Viable, sure, but best? Probably not. YAML is tailored to representing
CFLs (i.e. arbitrarily nested data). But we don't ever need CFLs in
darcs. Most of computer science is not about finding a tool that's
powerful enough: we already got that for all the problems we know how to
solve -- Turing machine. It is about finding the weakest tool that still
works. The reason for that is that simpler (weaker) tools are more
transparent and have nicer properties. More things about them are
decidable, they are easier to implement (have fewer bugs), there are
more and better tools to handle them, etc.
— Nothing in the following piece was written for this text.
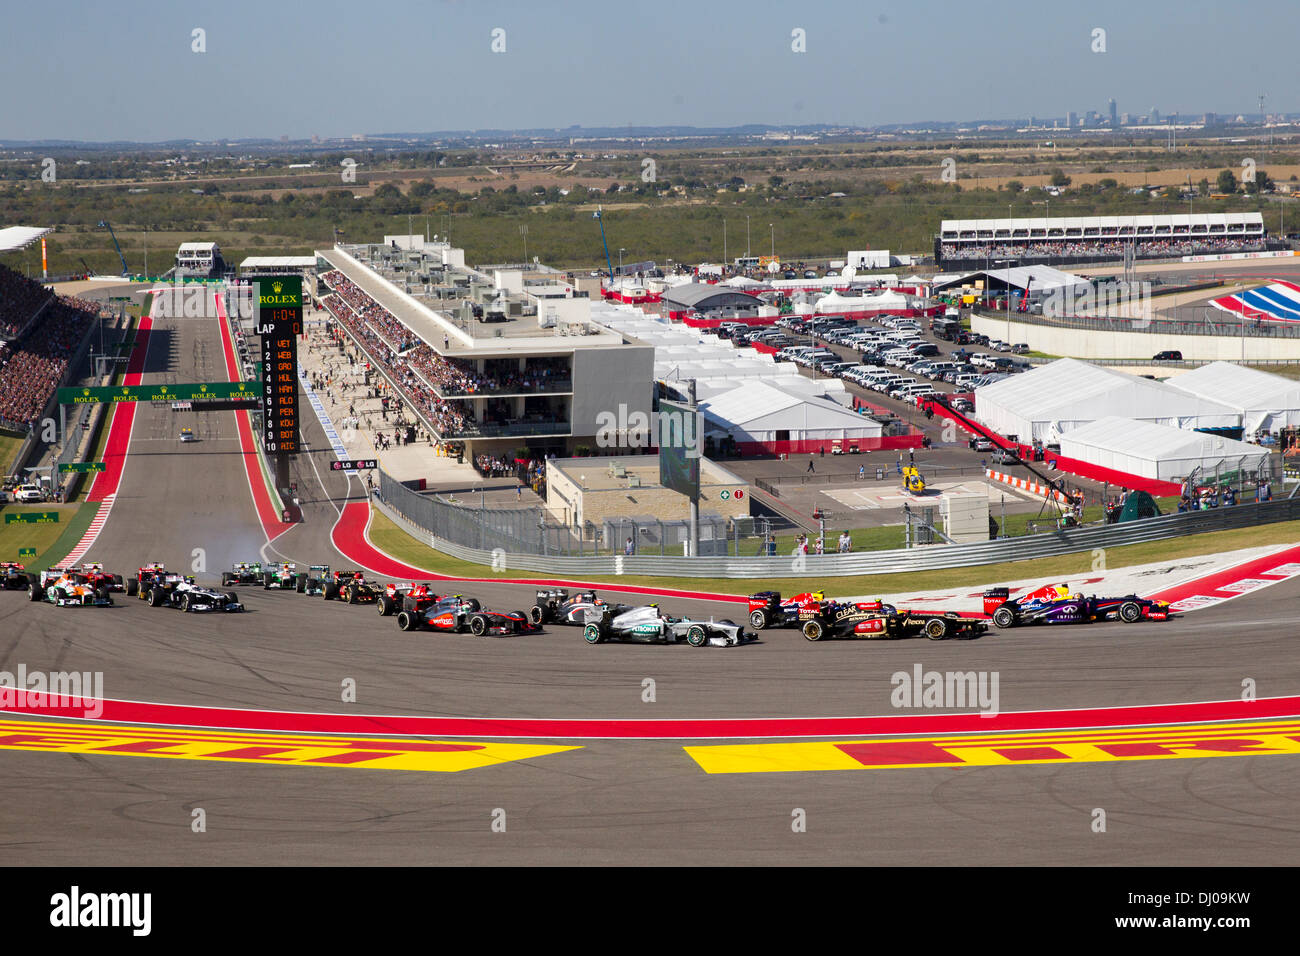 The first lap of the Formula 1 United States Grand Prix at the Circuit of the Americas track near Austin, TX. Stock Photo

What I am arguing against is using CFLs to represent inherently regular
data. There is nothing wrong with regular... I know you all have mixed
feelings about regular expressions, since people abuse them a lot to
parse CFL data. The reason for that is that there simply aren't tools
with comparable power and flexibility that would apply to general CFLs
(the other part of the reason is that people insist on dumping simple
regular data embedded in a CFL of some sort). Tools for specific CFLs
(XML, JSON, YAML) are comparatively rare, unwieldy and buggy, each comes
with its own learning curve, etc.

While you claim that tools for parsing YAML are universally available,
tools for parsing *any* regular language are actually much more
ubiquitous. And even though they are, within their class of languages,
more general (they cover all RLs, not just a specific subset), the
parsers are not any more complex (actually to the contrary), as can be
demonstrated by writing parsers for the various proposed formats (YAML
and regular) in this thread.

> a) dumping "annotate" information in a way that's easy to elaborate
> b) dumping an "annotated" content that's easy to the human eye

No-one ever argued against that split (well, not me anyway). For humans,
we have the output I quoted in the original mail about annotate rewrite,
with a numbered list of patches at top and lines marked with patch
numbers.

The machine-readable version looks like

20100903001327-fb03a-045b1923d4b1b1b432d3e3b03840101f4f9891e3 | text
20100903001327-fb03a-045b1923d4b1b1b432d3e3b03840101f4f9891e3 | more text

It is so trivial to parse that there's no way you could make it more
trivial with YAML or any other format you can think of. If the patch
hash format changes, either both YAML and RE parsers cope, or both
break, but neither can do better than the other in principle.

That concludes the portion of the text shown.